Eric Levin is senior editor of New Jersey Monthly. He writes frequently about restaurants, Wagner, and golf. His photographs may be seen at www.ericlevin.net.

Kathy Galletly, a member of the Montclair writing group, is still yearning for her glorious days in showbiz.

David Henry Sterry is the author of nine books. His first memoir, Chicken, has been translated into 10 languages and is being made into a series by Showtime. His next book, Master of Ceremonies, drops August 1. He is also a book doctor and talent scout for Levine Greenberg literary agency.www.davidhenrysterry.com

Pamela Redmond Satran's next book, 1000 Ways To Be A Slightly Better Woman, will be published in April by Stewart, Tabori & Chang and is a BookSense Notable pick. The author of five novels and eight other non-fiction books, Satran writes for the New York Times and the Huffington Post and is the coauthor of the Glamour List column. Her websites are www.pamelaredmondsatran.com and www.coolnamer.com; she is the founder and guiding hand of MEWS.

Mr. Richard Herr likes to visit the humorous side of science fiction and fantasy. He has a collection of tales from an outerspace place called The Star Board Cafe. He is also working on a sci-fi story for young adults called Mars from Fred from Mars. He resides in Caldwell. 973-364-5114, richardherr@comcast.net

Danielle Oteri is an illustrator based in Northern Manhattan. When asked if she was any relation to Cheri Oteri, she explained, "Cheri Oteri is a distant relative. I've never met her althought I'm sure she would liven up Thanksgiving dinner." Indeed.

Christina Loccke is a freelance writer, editor, and the mother of an infant and toddler who serve as muses for her monthly “funny mom” column in New Jersey Life and Leisure.

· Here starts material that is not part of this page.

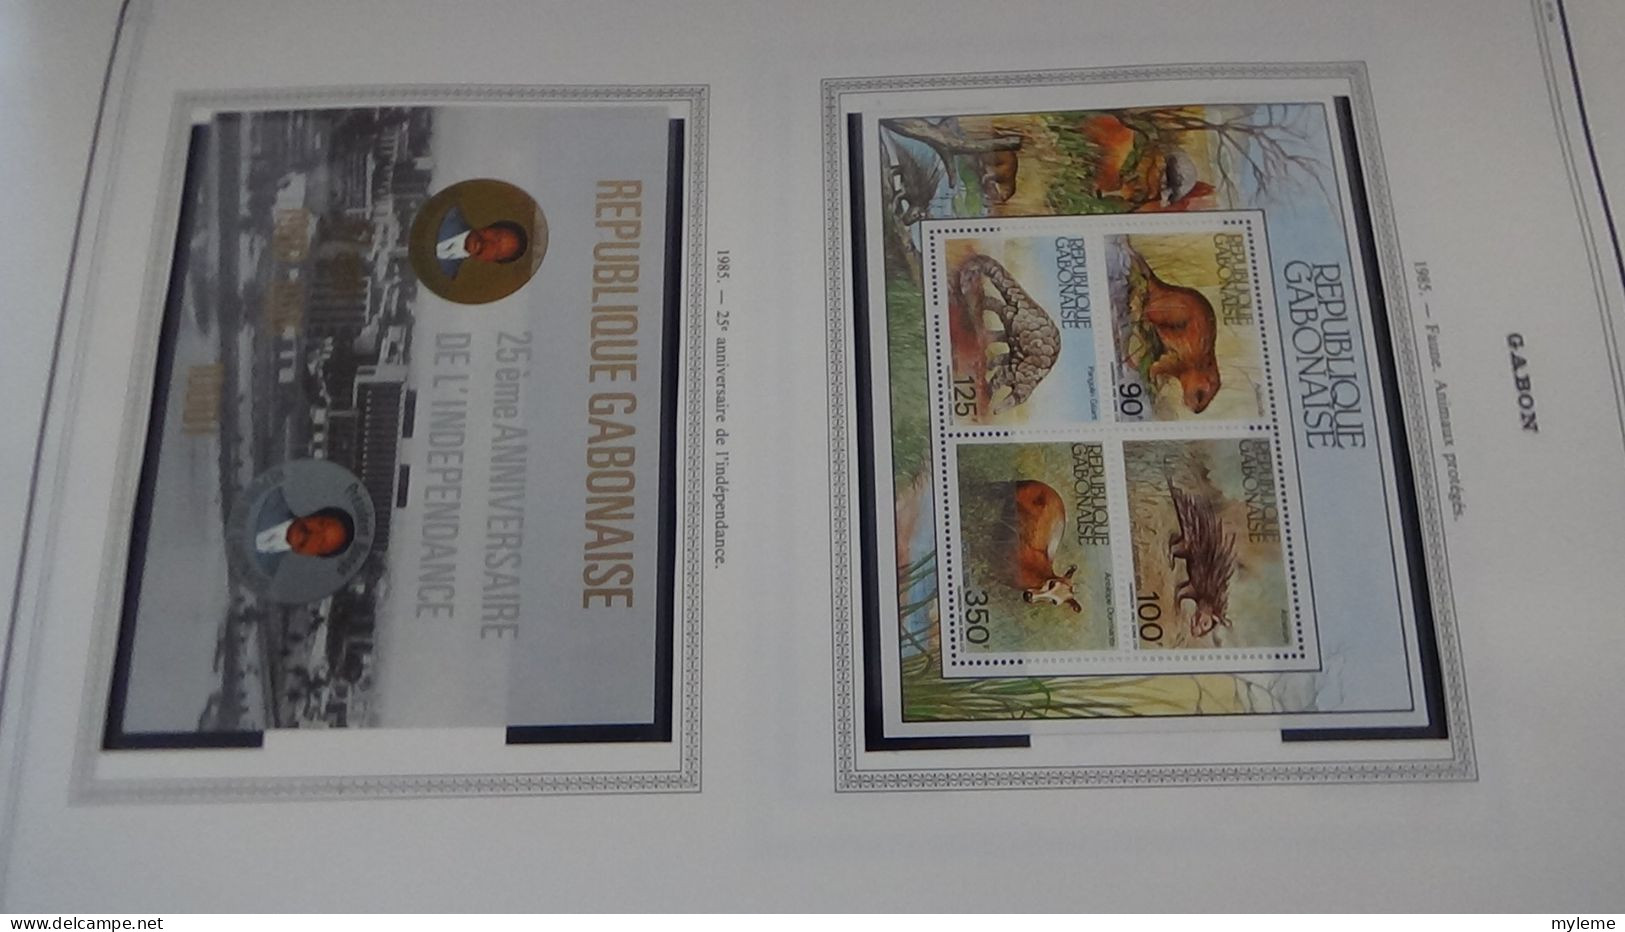 BC102 Collection de timbres et blocs ** du Gabon sur feuille d'album.  A saisir !!!

Says poet Marcia Ivans, "the poem Don't is from my second book of poetry titled "Over Easy", by Arseya Publishing. It is available from Watchung Book Sellers in Montclair, Arseya Publishing, Amazon.com or from my website, www.mivans.com."
I am a member of Women Who Write, International Women's Writers Guild and Poet's House. I founded Poetry and Pastries, an open poetry reading at Cafe Beethoven in Chatham over three years ago.

Frances Pelzman Liscio is a Montclair-based photographer, photo editor and writer. Ms. Liscio contributed the photos of the not-guilty-cats and the not-strung-out-terrier featured above.